I’ll admit it: I had low expectations for “M3GAN.” A film tackling the existential horror of AI technology, made by a middle-aged production team? This sort of movie doesn’t exactly have the best track record. (See “Nerve,” “Unfriended,” etc.) Add in the difficulty of balancing horror with comedy, and “M3GAN” seemed like a recipe for disaster. However, when I finally sat down to watch it in the theater, I was pleasantly surprised.
“M3GAN” follows tech developer Gemma (Allison Williams), a workaholic struggling to connect with her recently orphaned niece, Cady (Violet McGraw). When Gemma creates a lifelike android, M3GAN, to be a companion for the little girl, things quickly go awry as her mission to protect Cady at all costs takes a violent turn.

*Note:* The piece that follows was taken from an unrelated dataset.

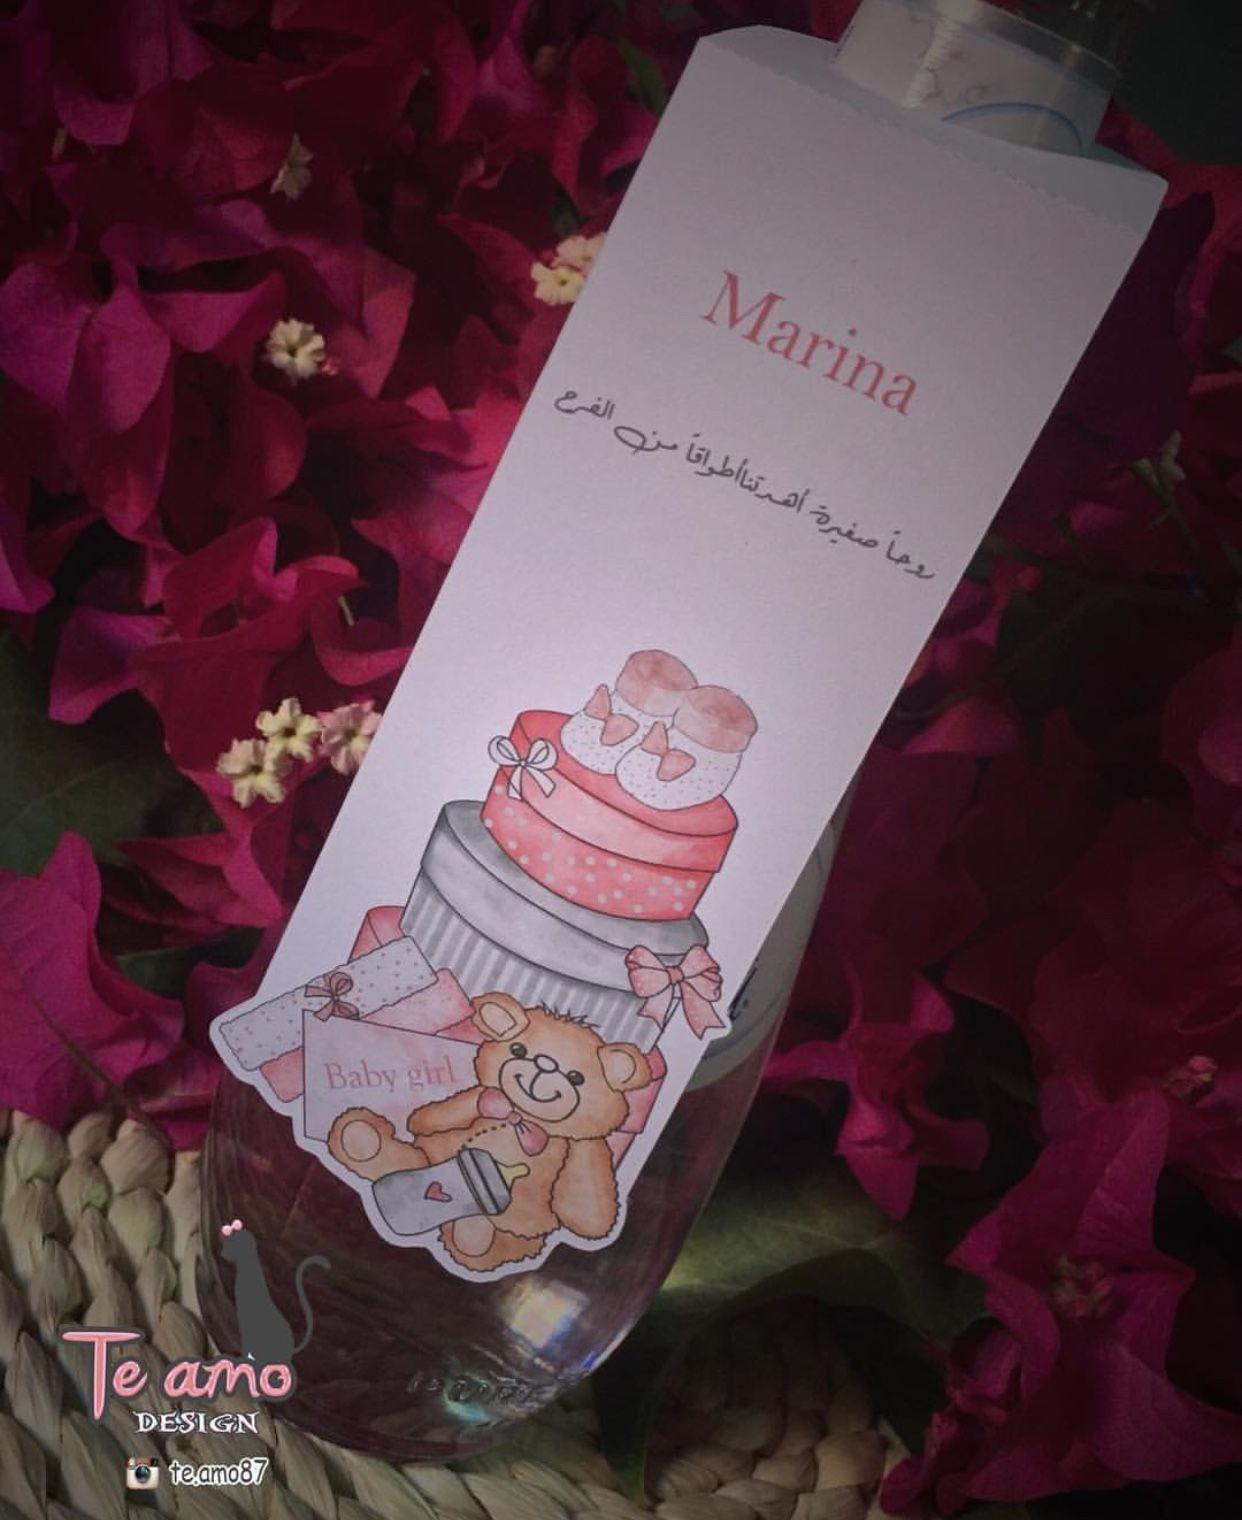 ثيم مولوده تعليقه للمويه امكانيه اضافه عبارات والوان حسب الطلب وتنفيذه ع علب منديل شوكولاته ت Gifts For Wedding Party New Baby Products Panda Birthday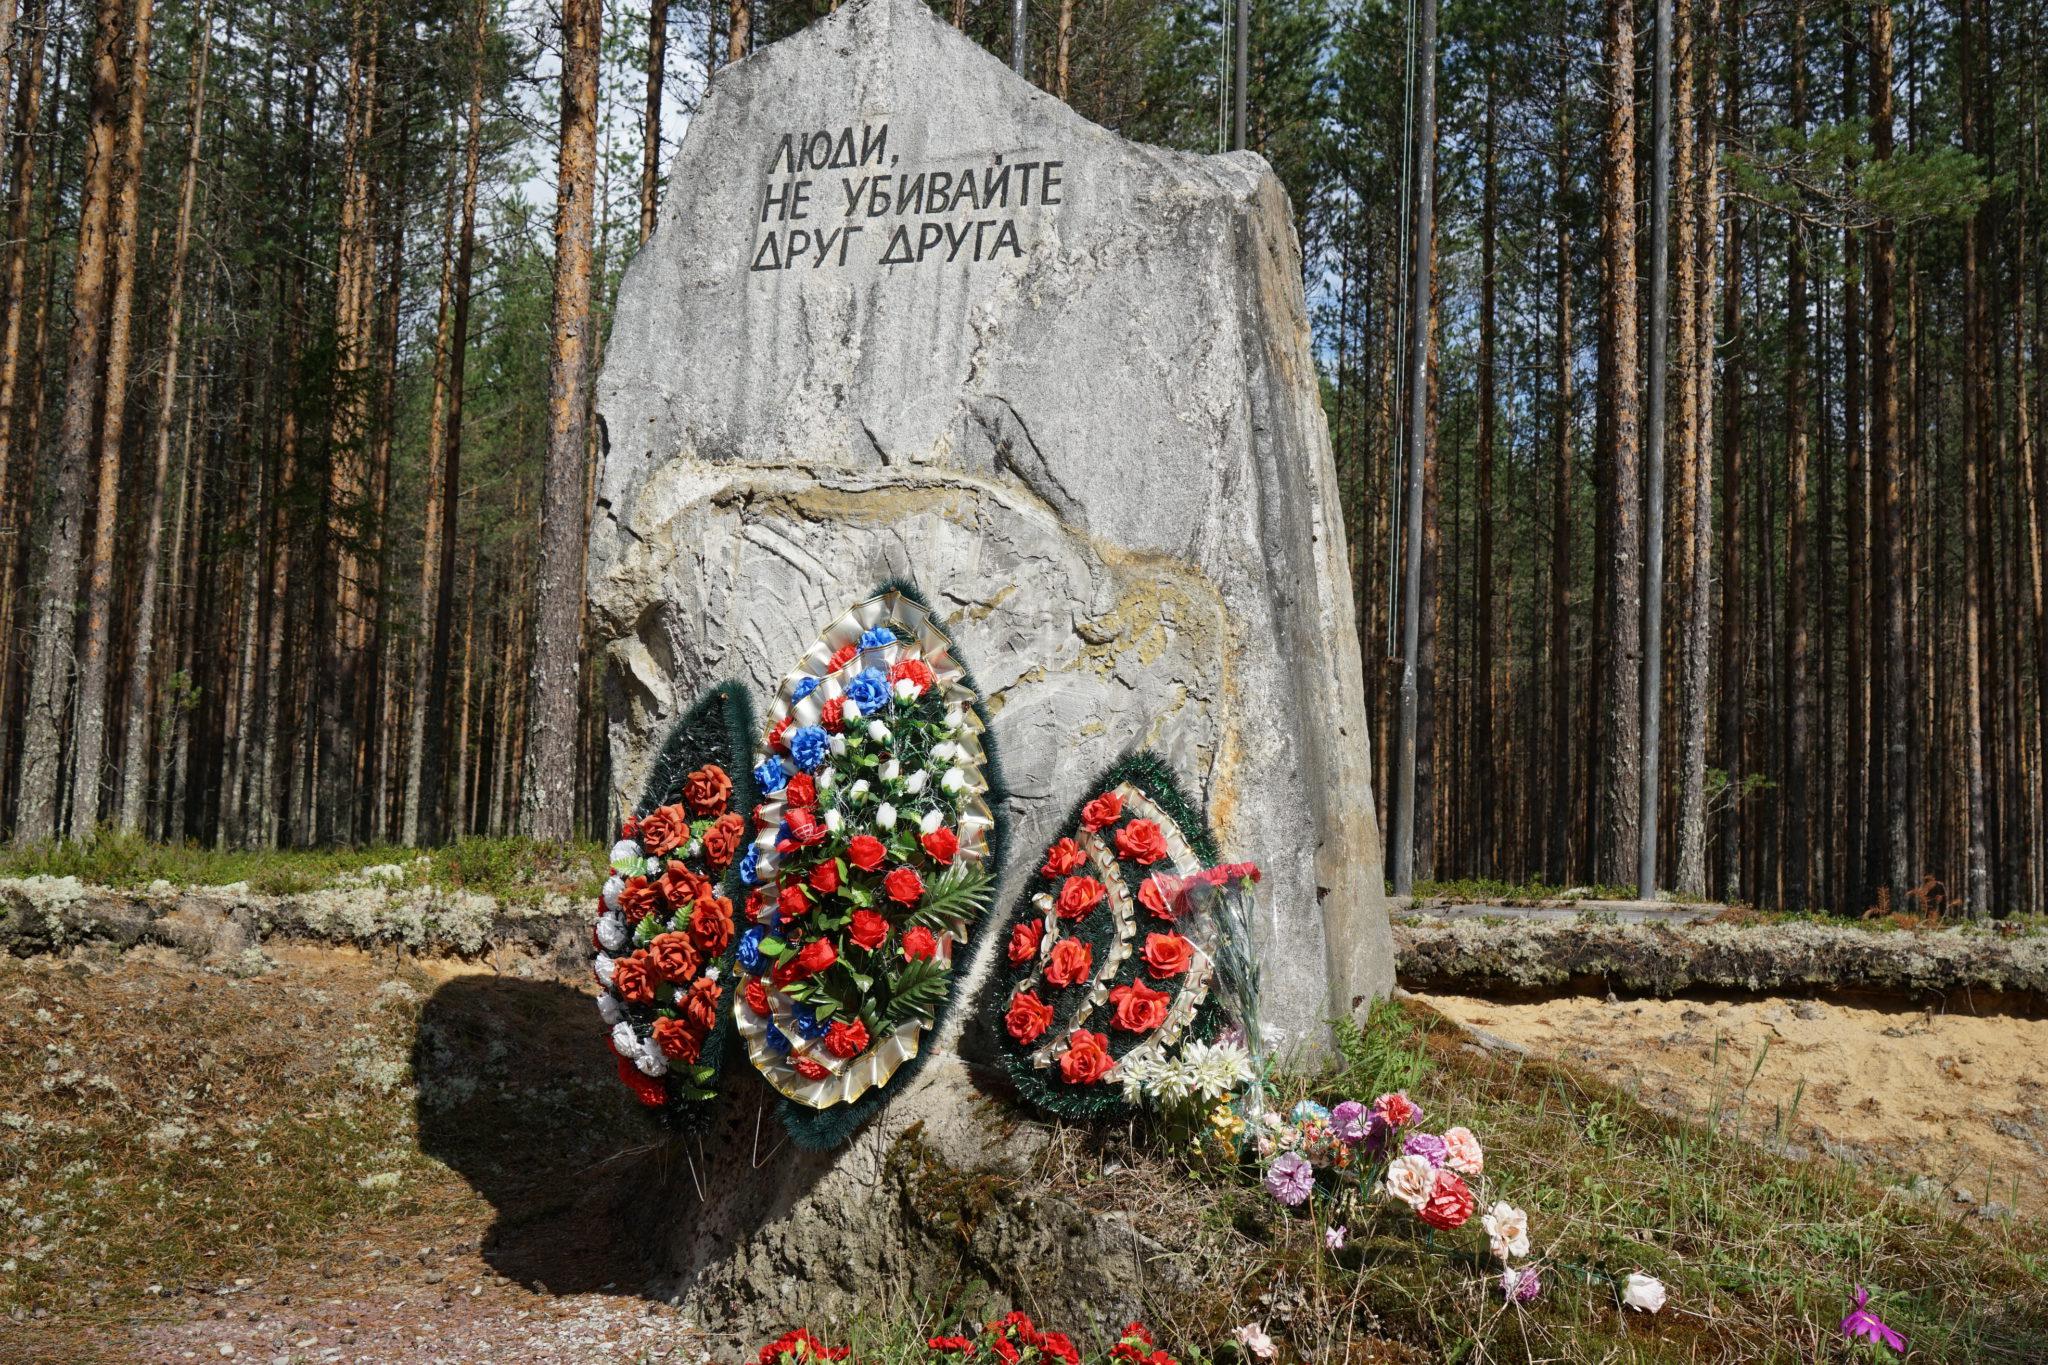 """""""Люди, не убивайте друг друга!"""" Призыв Ю. А. Дмитриева не только к посетителям Сандармоха, но и ко всему человечеству"""

Beat for beat, it’s not a particularly original film. The “invention gone wrong” story can be traced back to Frankenstein, and it hasn’t changed much since then. However, its skillful use of comedy to critique the tech industry sets “M3GAN” apart. It taps into that existential dread we all have about being replaced by technology while simultaneously delighting in the schadenfreude of watching egotistical tech CEOs get murdered by their own inventions.
Additionally, the film is gloriously gory. Because M3GAN’s defining character trait is her lack of humanity, she mechanically and methodically racks up a sizable kill count. The viewer understands that a human villain isn’t committing these vile actions, which means the film doesn’t have to tackle that classic quandary that bogs so many horror stories down: Are humans inherently evil? “M3GAN” is uninterested in answering this question, which allows for the deaths to get bloodier and bloodier without the tone becoming too serious.
A few excellent performances breathe life into the already strong story. Child actors are notoriously bad in horror, but McGraw brings a surprising emotional depth to the character of Cady, and Jenna Davis as the voice of M3GAN perfectly straddles the line between youthful innocence and computerized inhumanity. It is Williams, though, who steals the show. Gemma is a dynamic character who changes a lot over the course of the film, and Williams’ subtle performance makes this development feel natural and believable.
Another of the film’s strongest points is its CGI, and not for the reason you might expect. It most definitely doesn’t look photorealistic (more Marvel Cinematic Universe: Phase Four than “Avatar: The Way of Water”), but by falling into the uncanny valley, the CGI contributes to the unsettling atmosphere. The subtle differences between M3GAN and the other characters are a major theme of the film, and conveying this visually spares the viewers from having this explained in expositional dialogue.
“M3GAN” has something to offer everyone: If you are a horror newbie, the humor will provide a sense of levity that keeps you from getting too scared. If you’re a megafan, there are enough gory deaths and references to iconic horror franchises to keep you hooked. Because I highly recommend checking the film out for yourself, I won’t spoil the ending, but let me just say this: After seeing the final shot, you’ll want to take a baseball bat to all of your electronics. For a film about the horrors of technology, I think that is pretty much the highest praise possible.